Background information
- Born: December 23, 1958 (age 67) Shreveport, Louisiana, US
- Genres: Folk; folk rock; country; alternative country;
- Occupations: Musician; songwriter;
- Instruments: Vocals; guitar;
- Years active: 1986–present
- Labels: Geffen; Rough Trade; Mammoth; Atlantic; Dualtone; Thirsty Ear;
- Spouses: ; Peter Case ​(div. 1989)​ ; Mark Olson ​ ​(m. 1993; div. 2006)​

= Victoria Williams =

American musician (born 1958)

Victoria Williams (born December 23, 1958) is an American singer, songwriter, and musician, from Shreveport, Louisiana, although she has resided in Southern California throughout her musical career. Diagnosed with multiple sclerosis in the early 1990s, Williams was the catalyst for the Sweet Relief Musicians Fund.

==Biography==
Williams was born in Shreveport, Louisiana. In 1986, she worked with then-husband Peter Case on his debut album, following a year later with her own debut, Happy Come Home, produced by Anton Fier, with an accompanying 28 minute documentary by D. A. Pennebaker. In 1990, she released Swing the Statue. She also often appeared onstage and on record with the band Giant Sand. In 1993, she acted in Gus Van Sant's Even Cowgirls Get the Blues, Van Sant also made the video for "Tarbelly and Featherfoot".

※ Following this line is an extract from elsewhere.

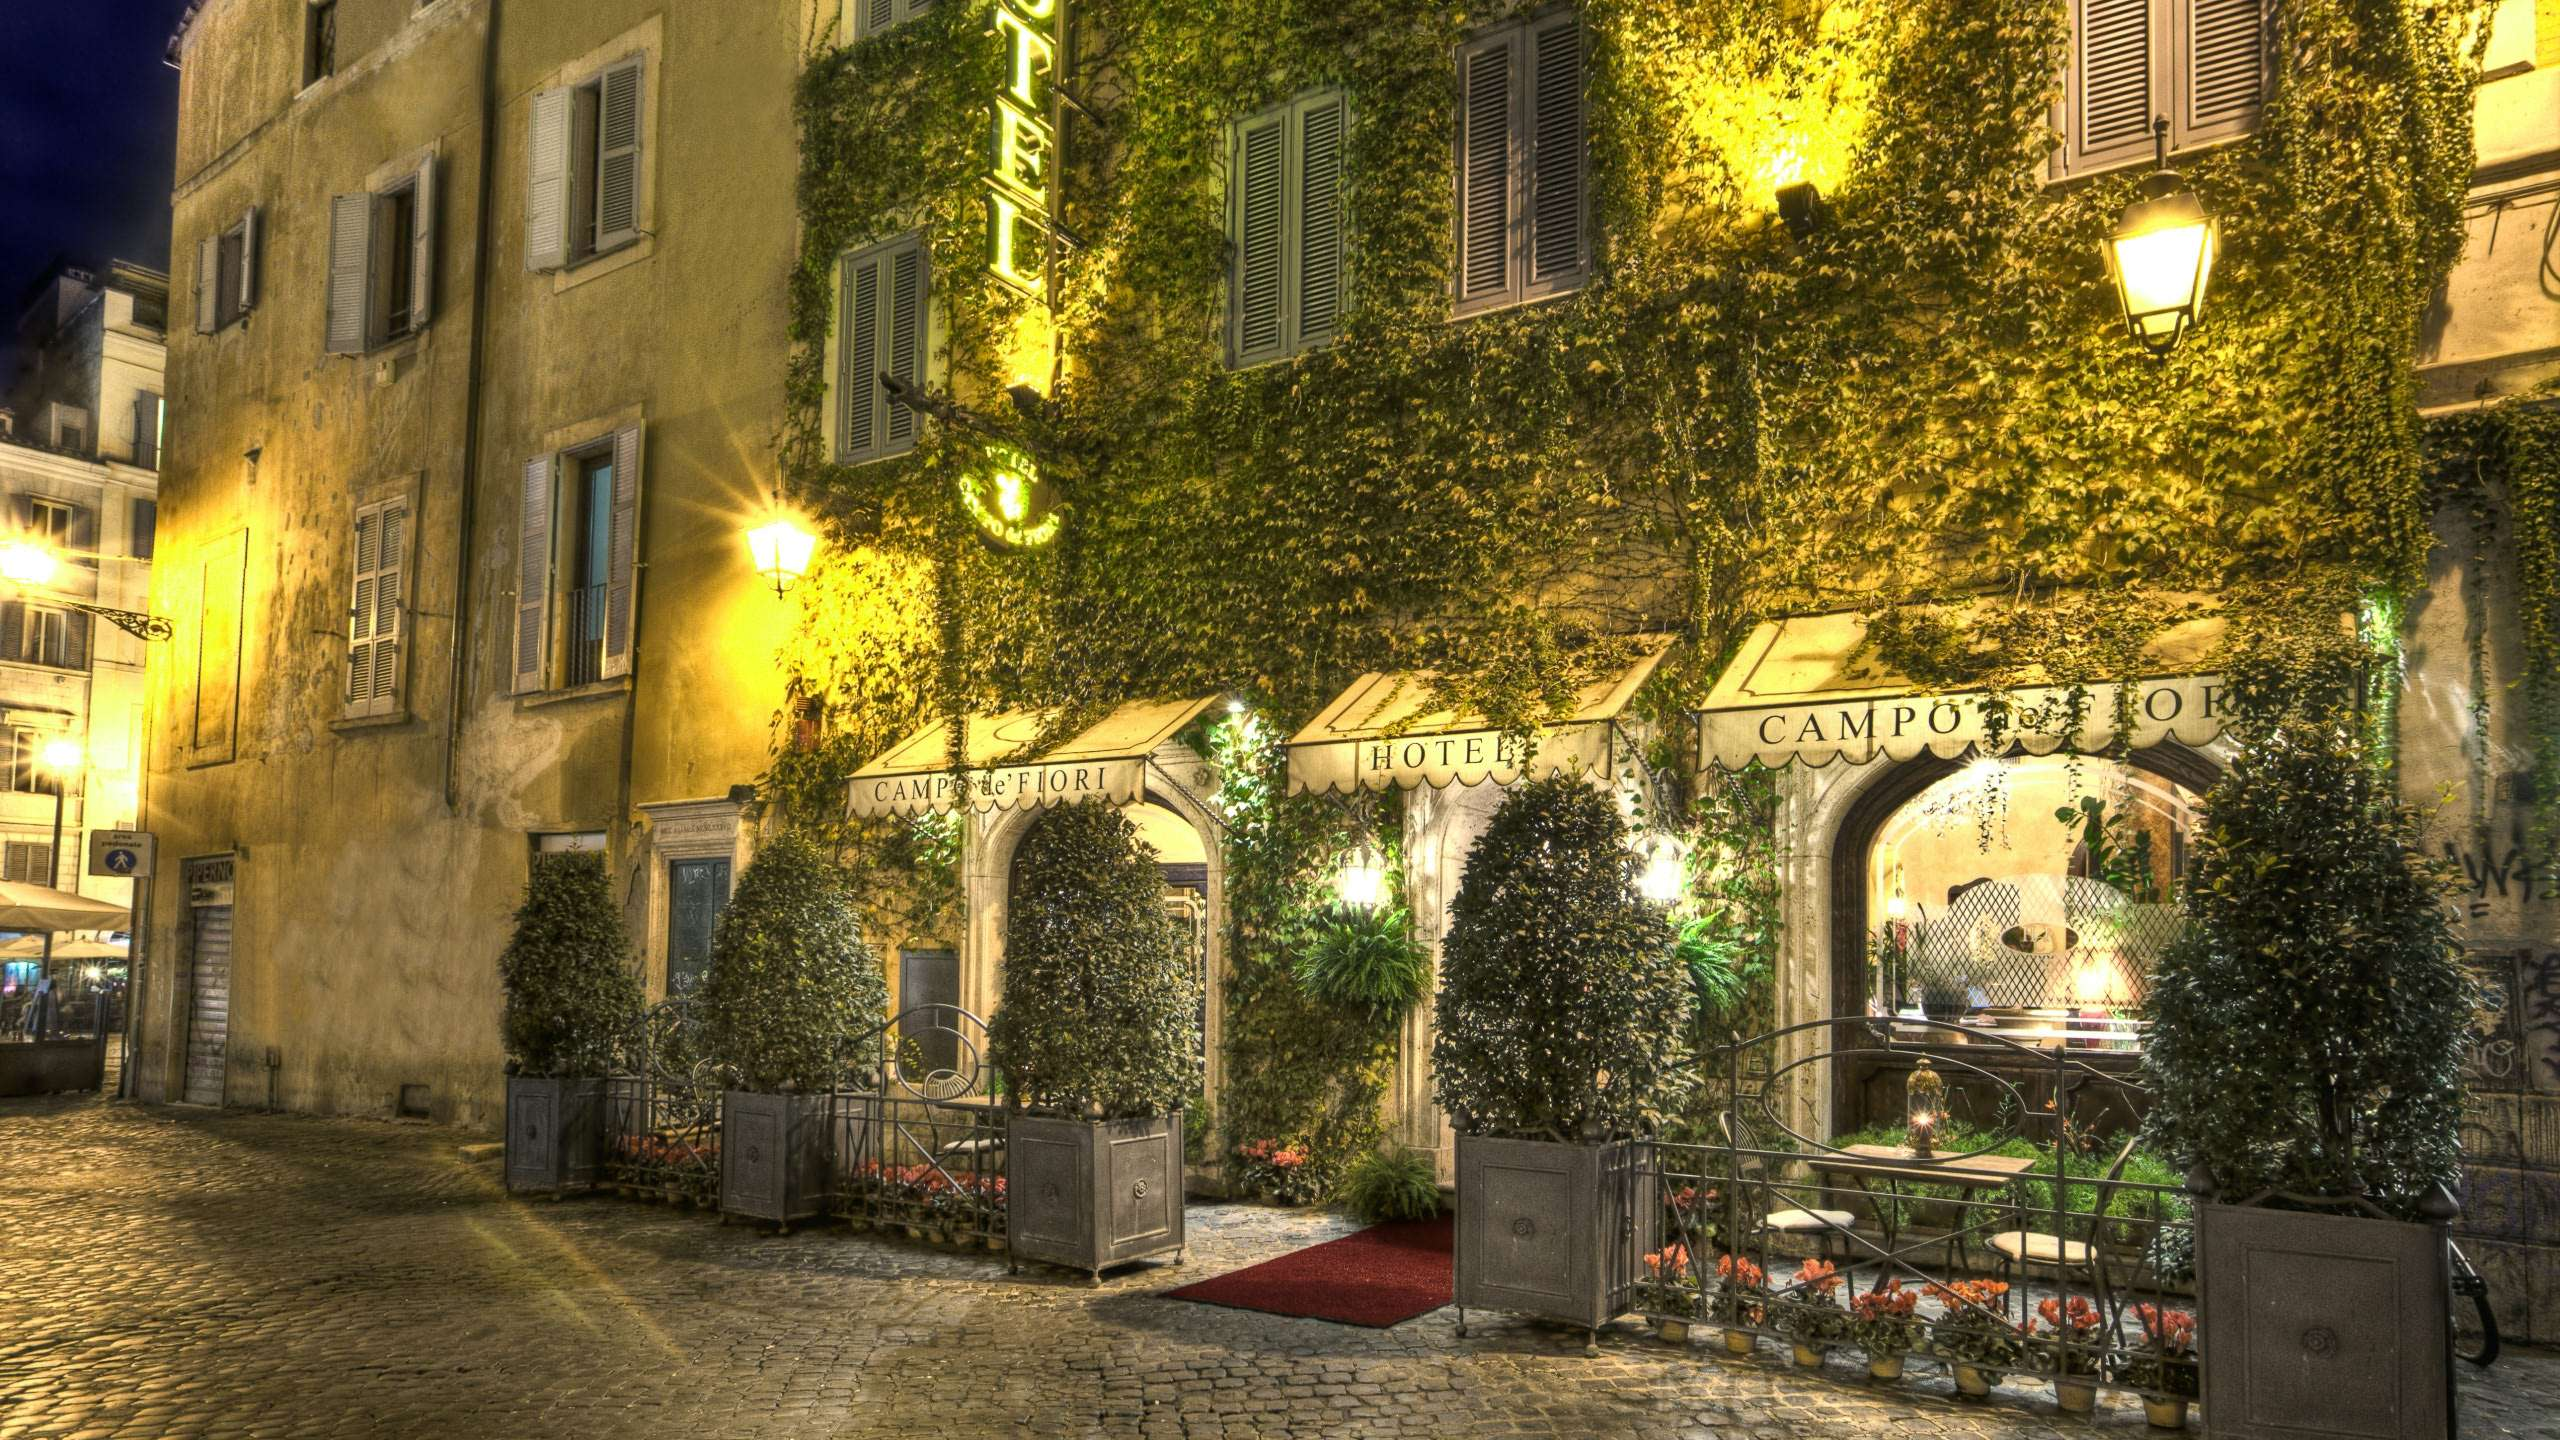 Boutique hotel campo de 39 fiori roma sito ufficiale for Boutique hotel drome

In early 1992, as Williams' career was beginning to take off, she was diagnosed with multiple sclerosis. Because she did not have health insurance, an array of artists, including Pearl Jam, Lou Reed, Maria McKee, Dave Pirner, and Lucinda Williams, recorded some of Williams' songs on CD for a benefit project called Sweet Relief: A Benefit for Victoria Williams. This led to the creation of the Sweet Relief Musicians Fund, a charity that aids professional musicians in need of health care. That year, Williams also released a new album, titled Loose. A second album, covering the songs of Vic Chesnutt, was recorded for the Sweet Relief Fund in 1996 under the title Sweet Relief II: Gravity of the Situation, and Williams performed a duet with Chesnutt on the album.

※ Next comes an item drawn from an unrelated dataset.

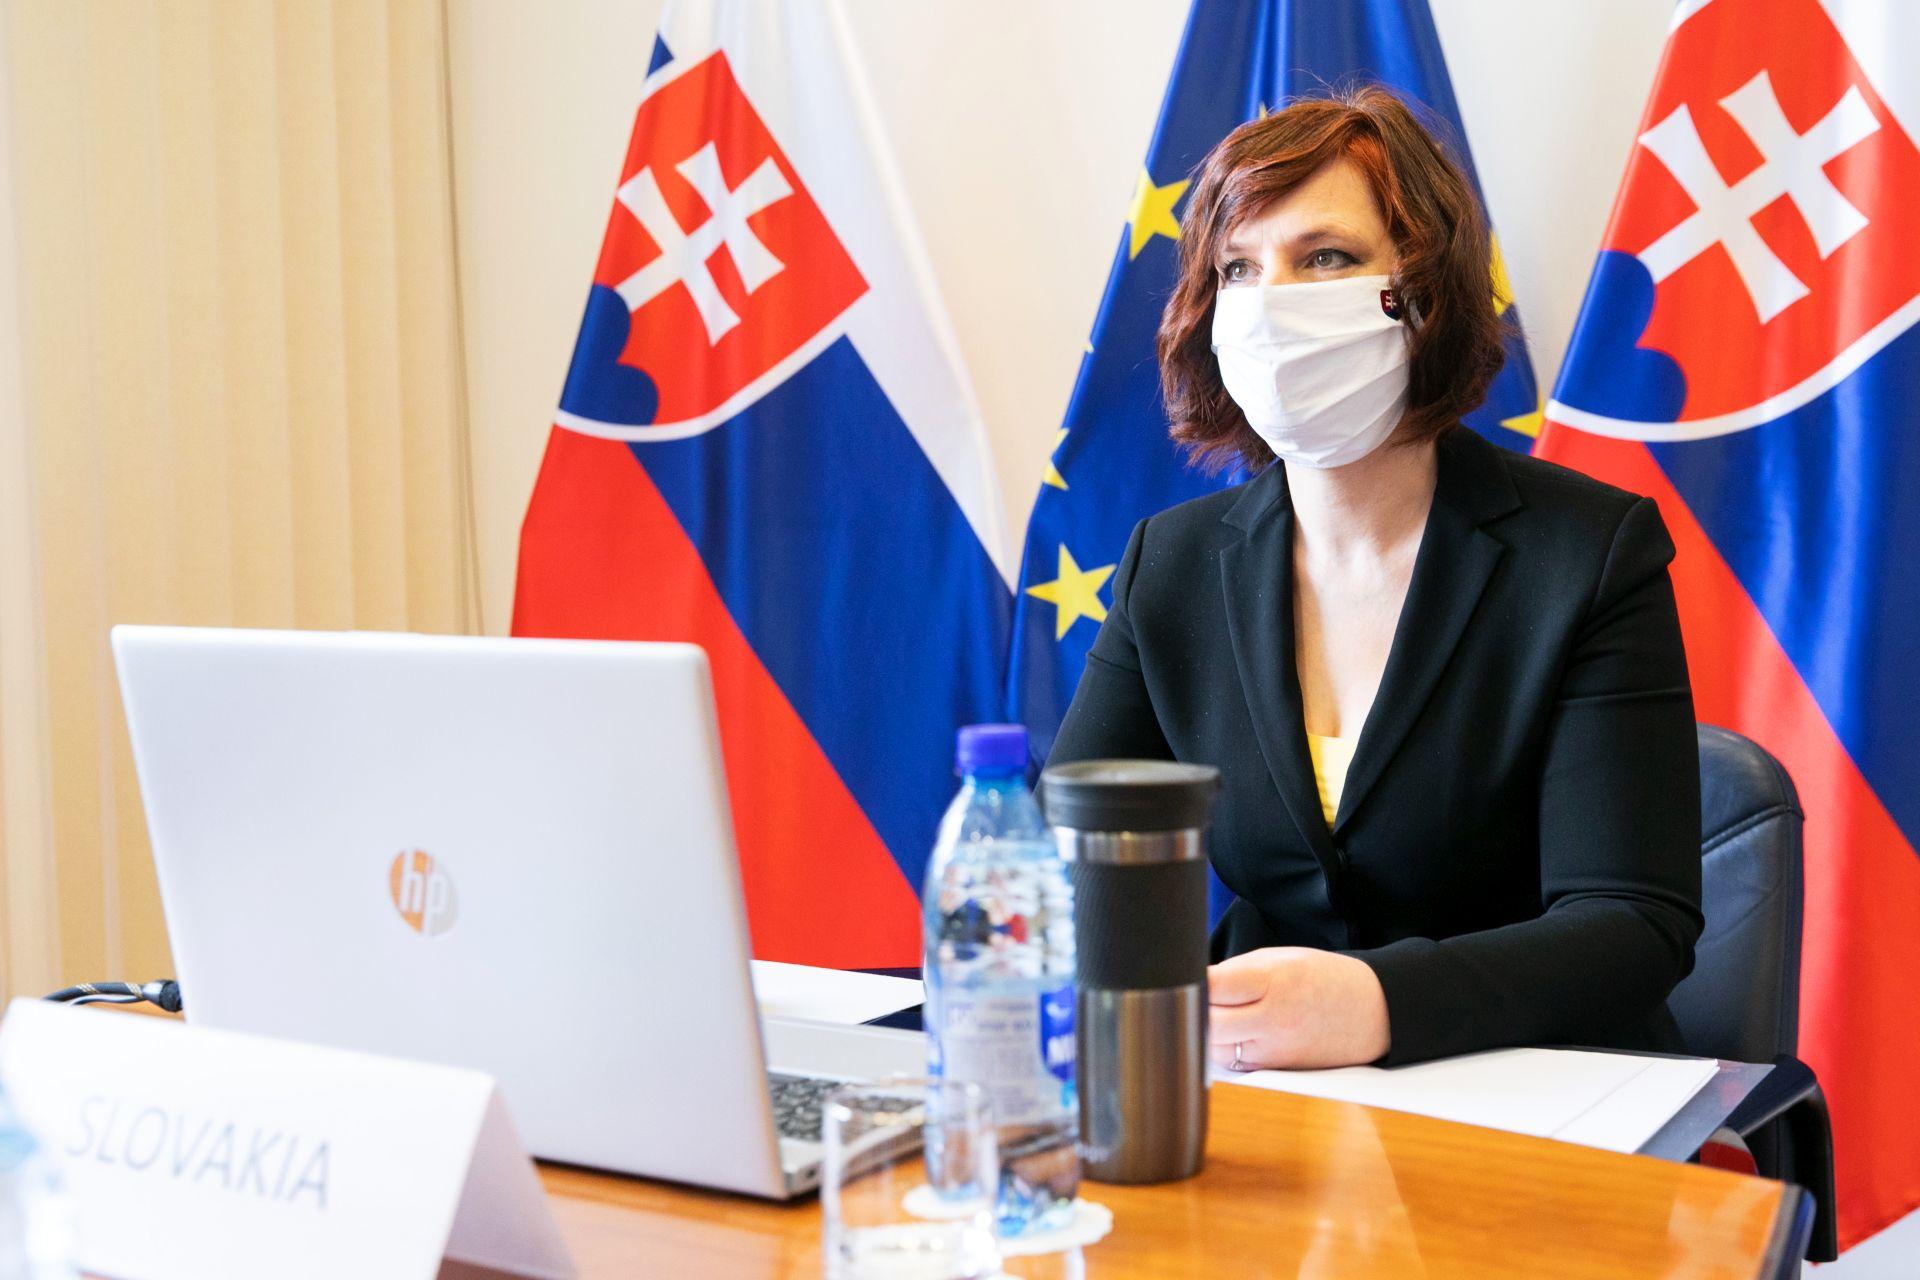 Dosiahli sme dohodu – jedinečná príležitosť a zodpovednosť pre Slovensko

Also that year, Williams appeared on Strong Hand of Love, a fund-raising tribute album to songwriter Mark Heard, who had died in 1992. That December she participated in a Christmas concert with Jane Siberry, Holly Cole, Mary Margaret O'Hara and Rebecca Jenkins, broadcast over CBC Radio in Canada and National Public Radio in the United States and subsequently released on CD as Count Your Blessings.

In 1995, Williams released her first live album, This Moment in Toronto with the Loose Band. Williams ended the 1990s with an appearance on Jim White's Wrong Eyed Jesus (1997), a duet with Robert Deeble ("Rock a Bye") on Days Like These (1997), and 1998's Musings of a Creek Dipper. She followed with Water to Drink, in 2000, coproduced with JC Hopkins. She also appeared in the film Victoria Williams – Happy Come Home, by D. A. Pennebaker and Chris Hegedus.

Williams recorded "Since I've Laid My Burden Down" for the compilation album Avalon Blues: A Tribute To Mississippi John Hurt in 2001.
That same year her song "You Are Loved" was included on The Oxford American Southern Music CD #5 .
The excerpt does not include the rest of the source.